§ **Activity**
For this exercise, copy all the data exactly and include none of the pictures.

§ **Material provided**
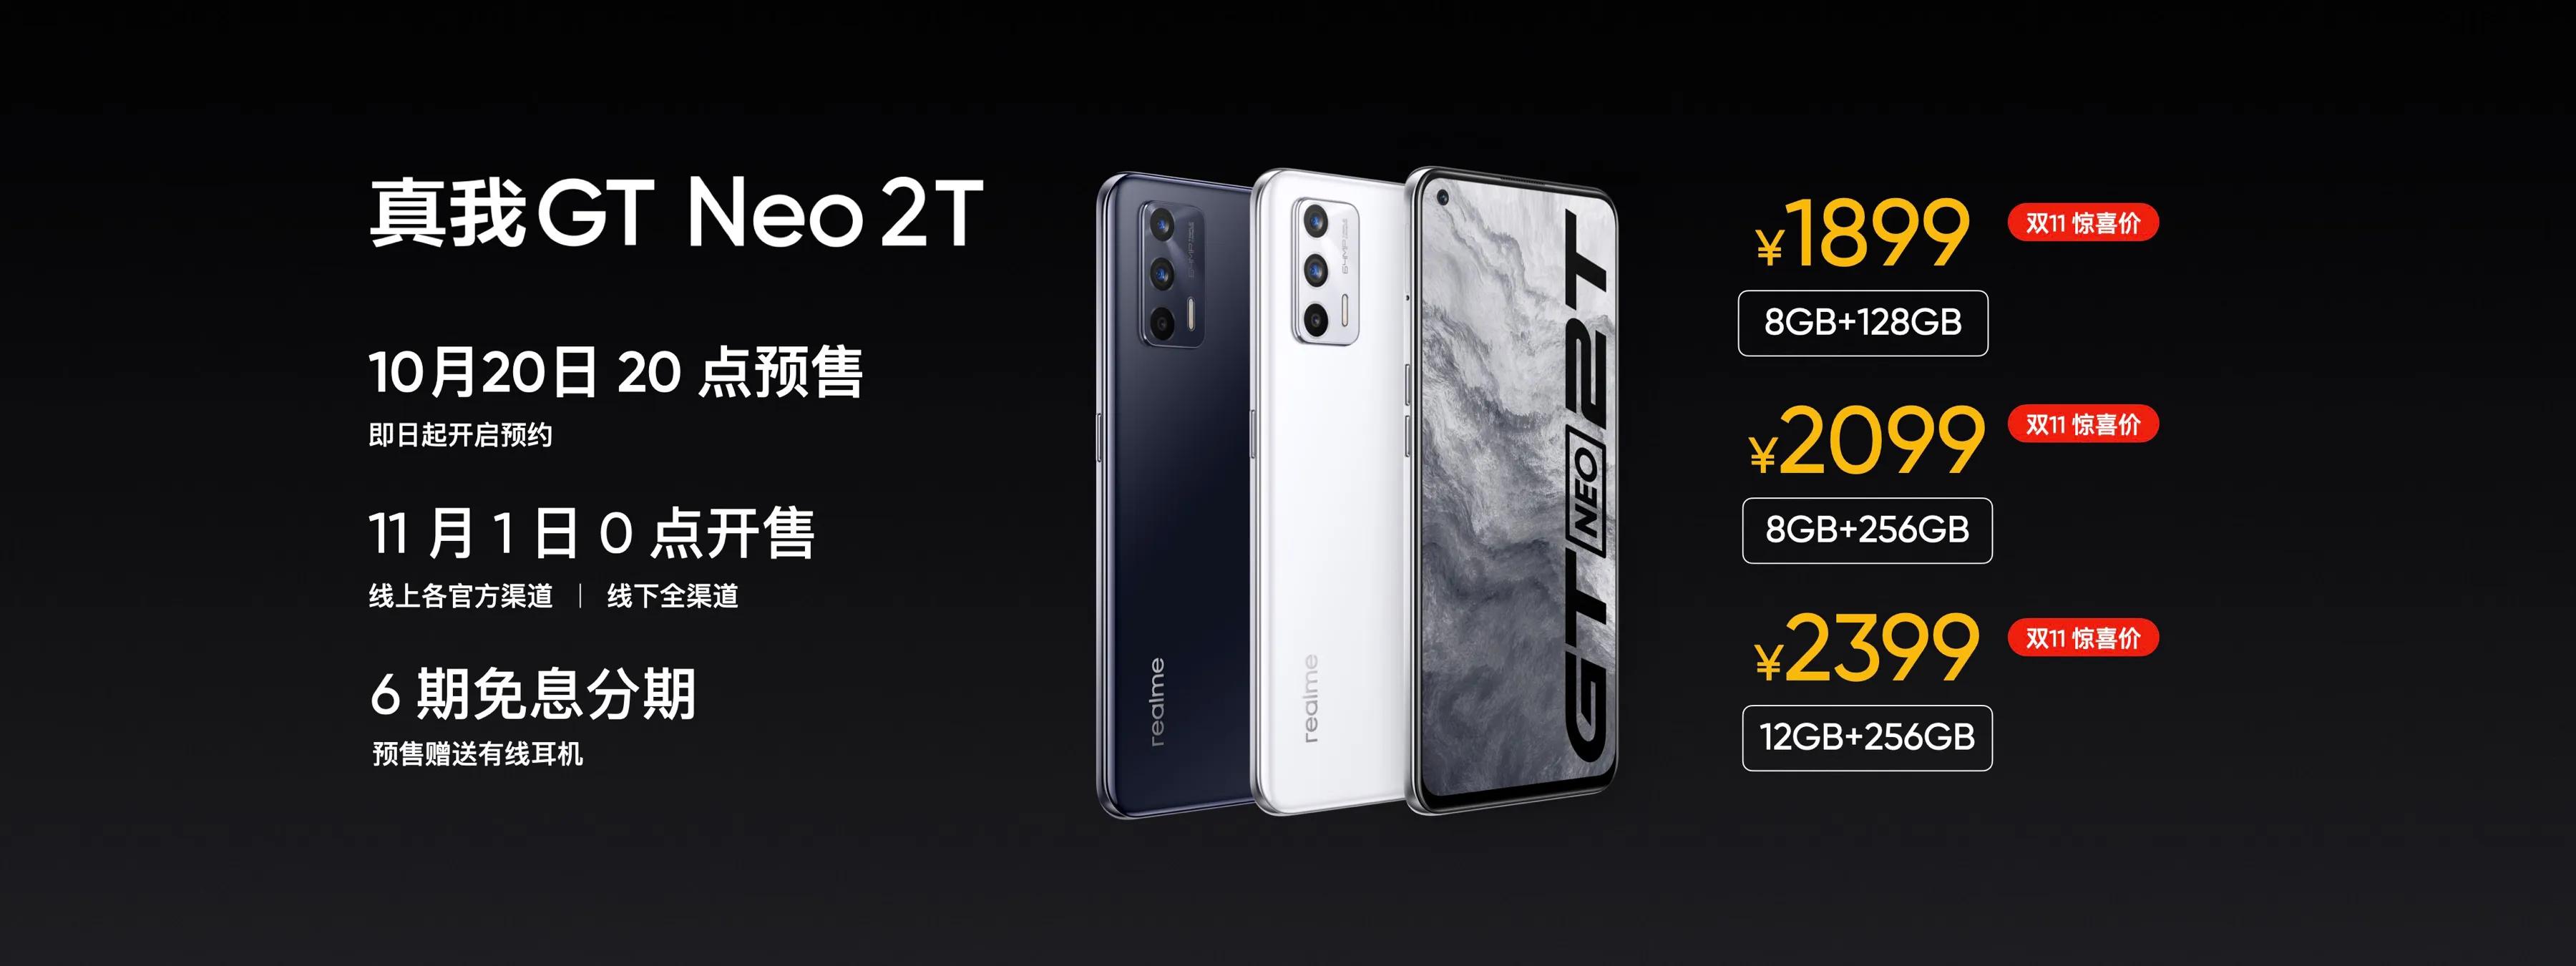 冲刺中国千万销量目标 realme发布真我GT Neo2T等三款产品
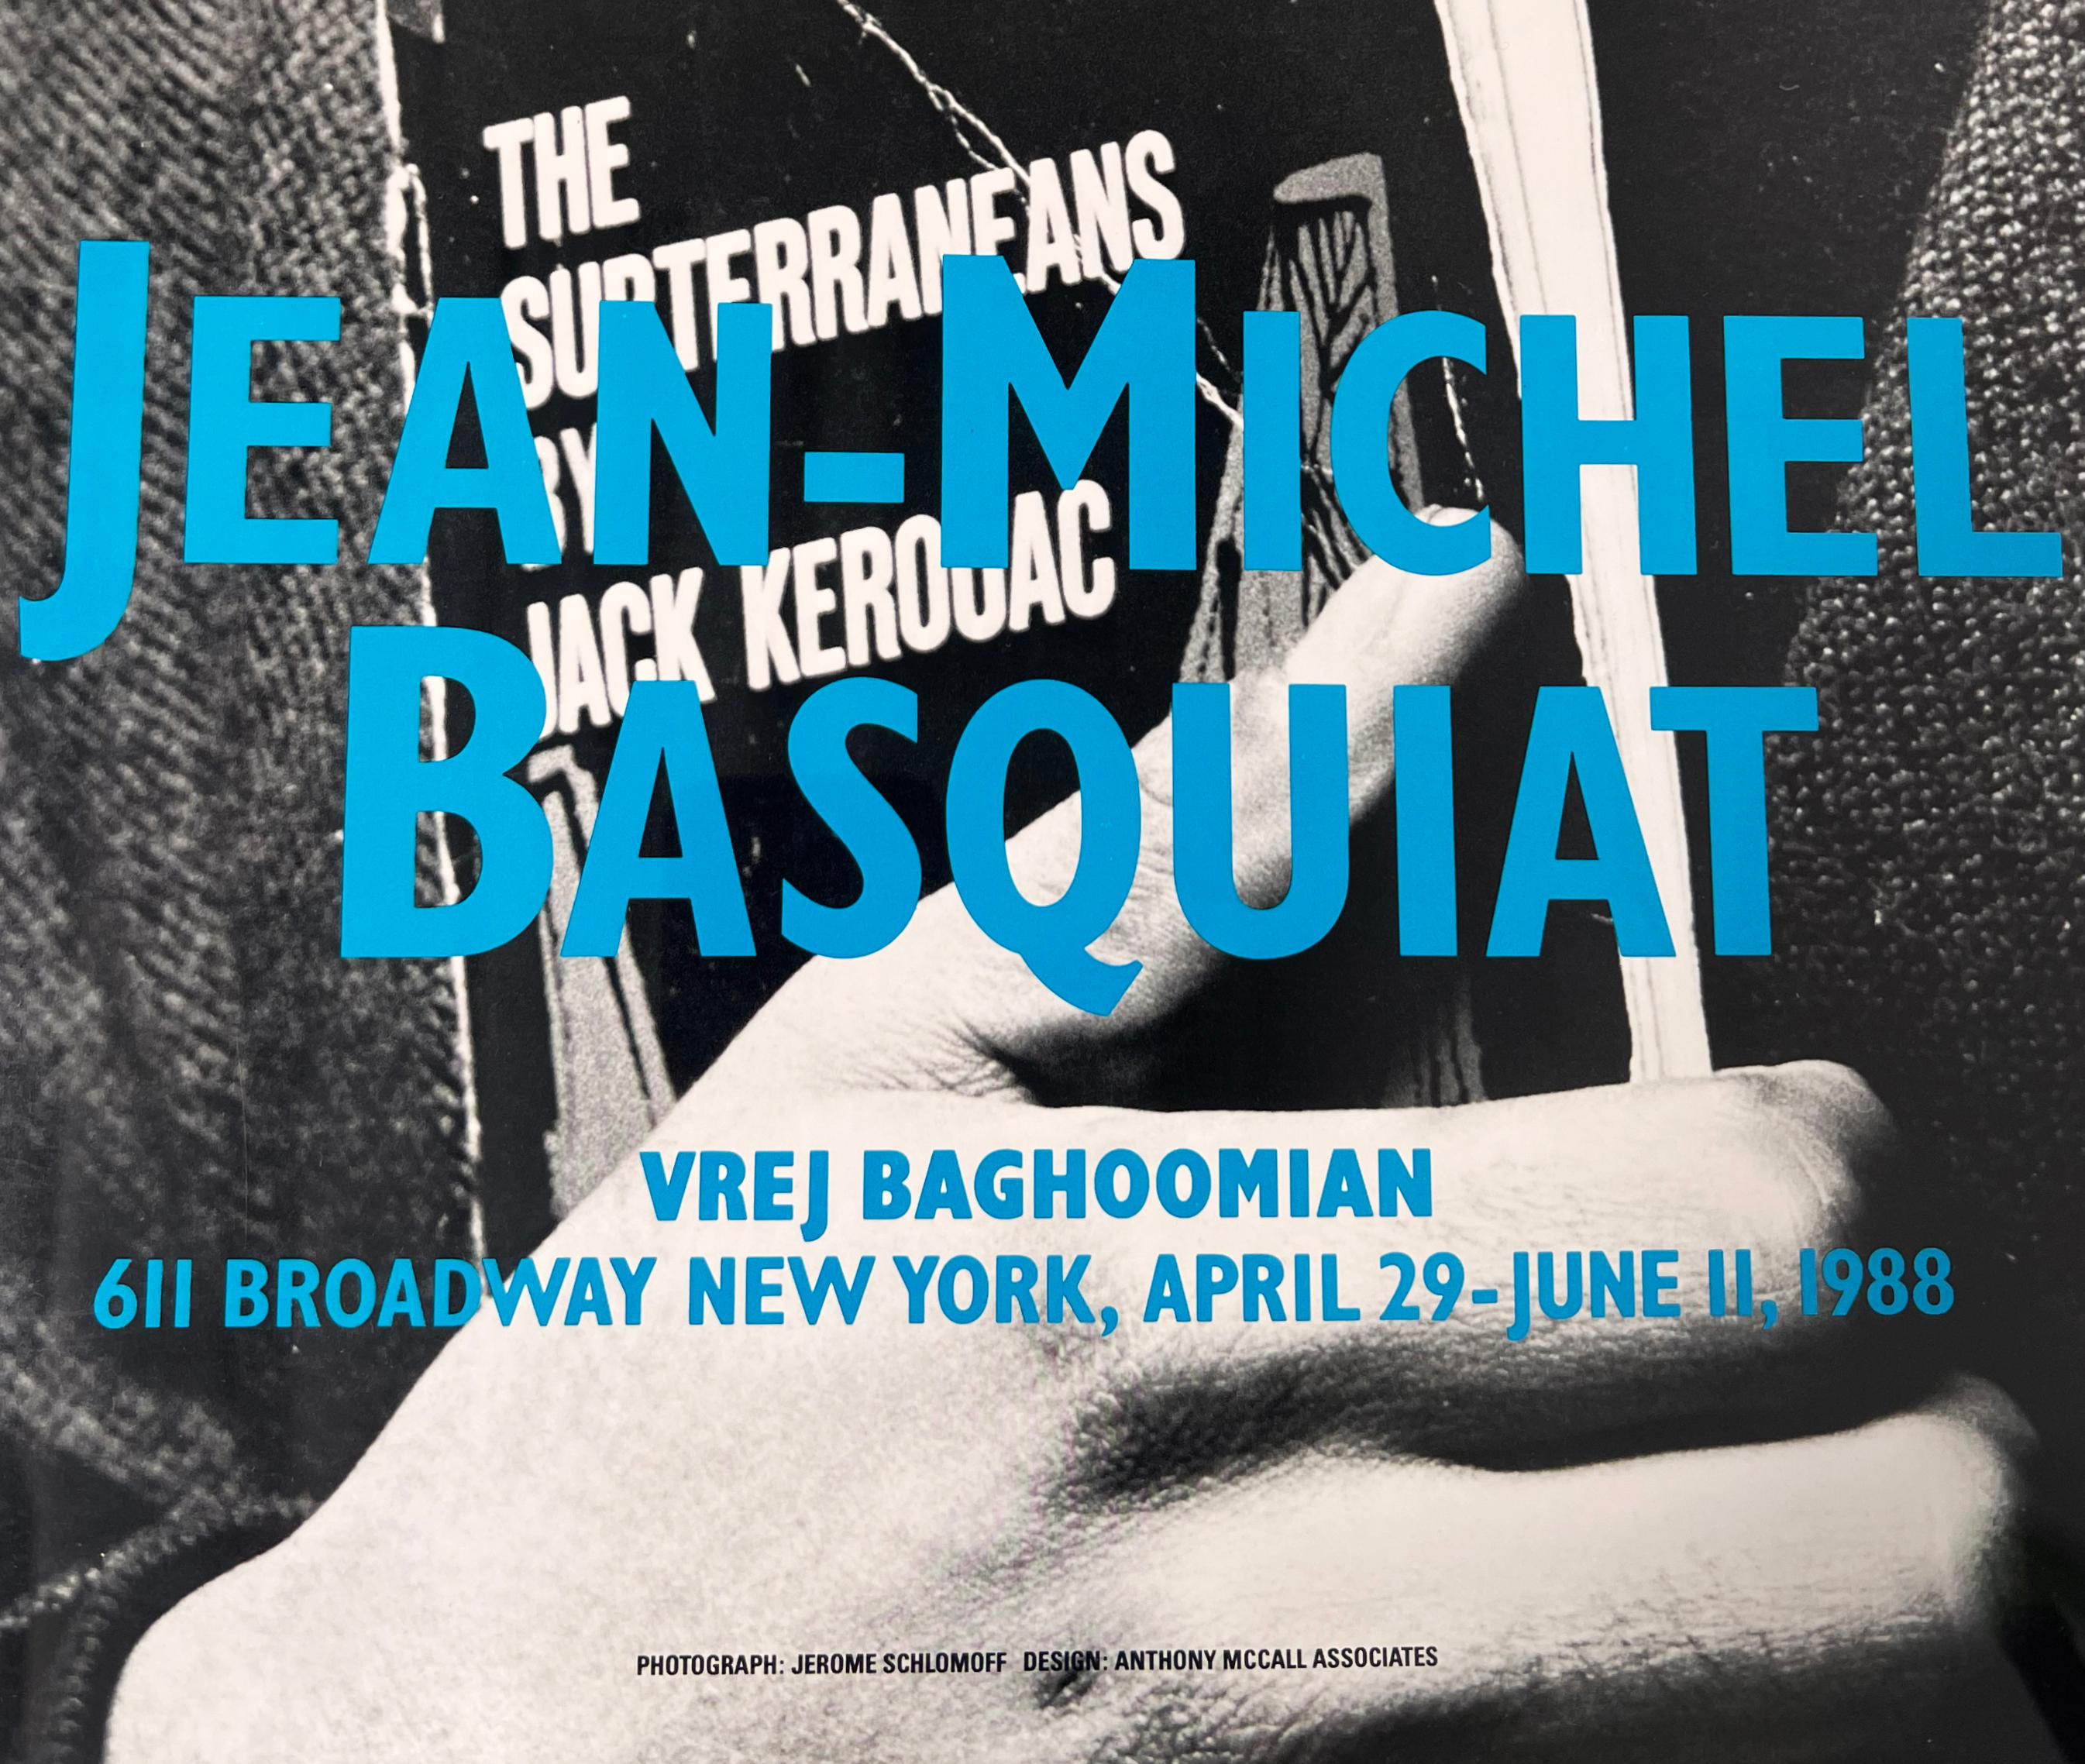 1980er Jahre Jean-Michel Basquiat Ausstellungsplakat: Basquiat in der Vrej Baghoomian Gallery, New York: April - Juni 1988:
Die Ausstellung von Jean-Michel Basquiat bei Vrej Baghoomian sollte die letzte des Künstlers sein, bevor er einige Monate
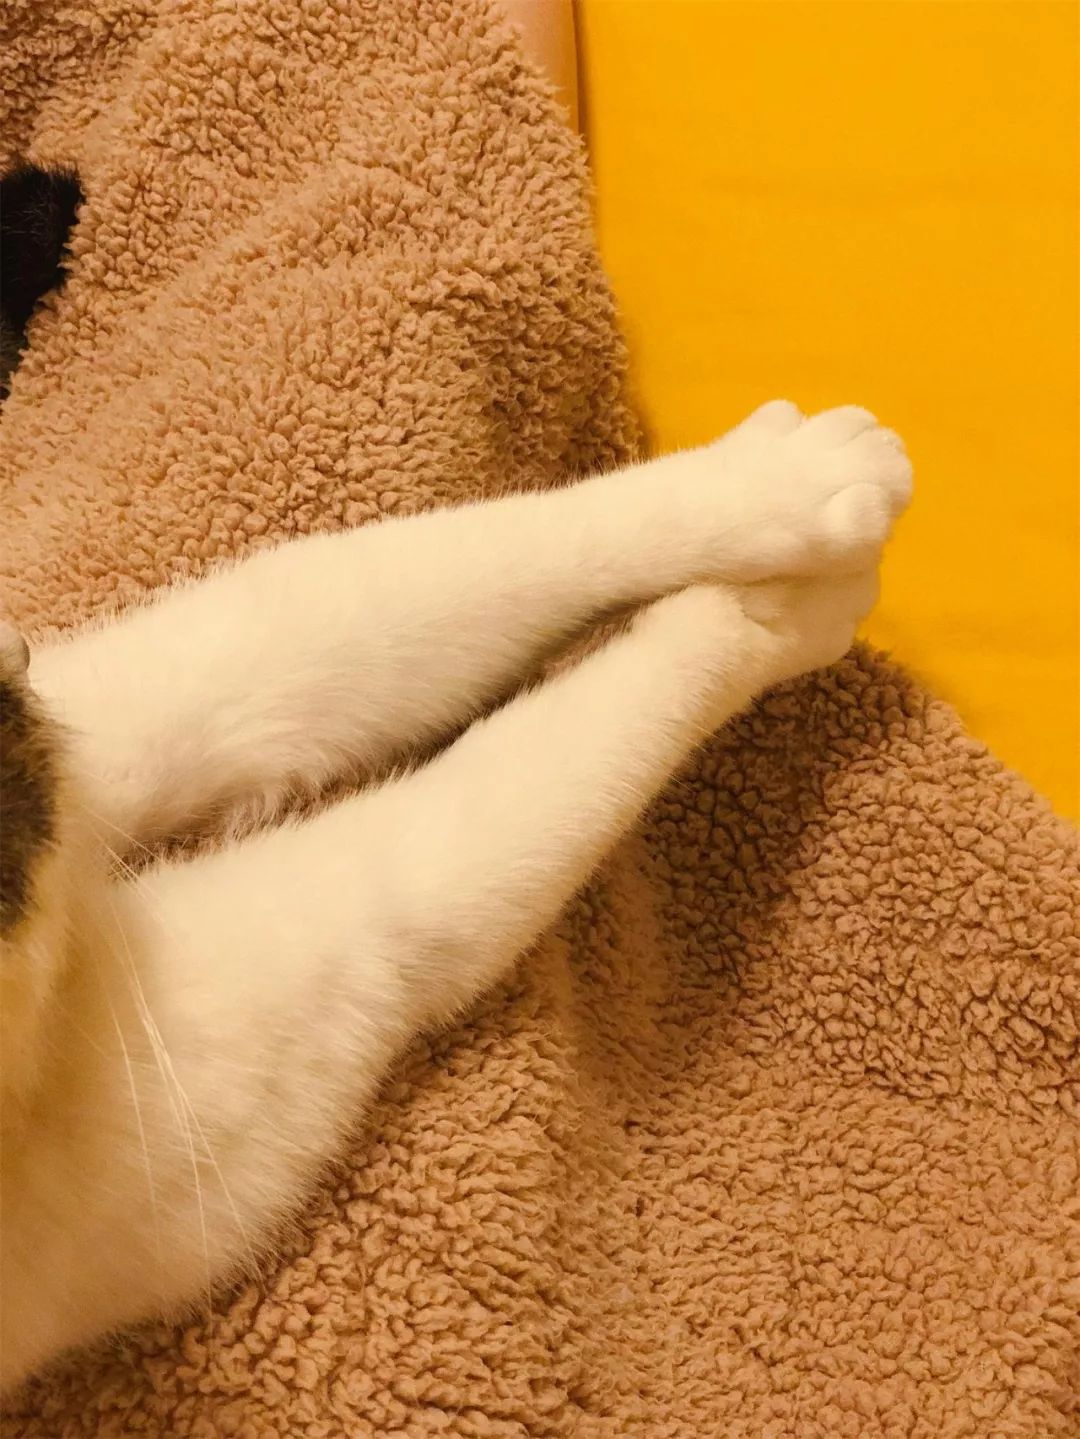 猫咪伸腿表情包图片

§ **Answer to this task**
 冲刺中国千万销量目标 realme发布真我GT Neo2T等三款产品
 1980er Jahre Jean-Michel Basquiat Ausstellungsplakat: Basquiat in der Vrej Baghoomian Gallery, New York: April - Juni 1988:
Die Ausstellung von Jean-Michel Basquiat bei Vrej Baghoomian sollte die letzte des Künstlers sein, bevor er einige Monate
 猫咪伸腿表情包图片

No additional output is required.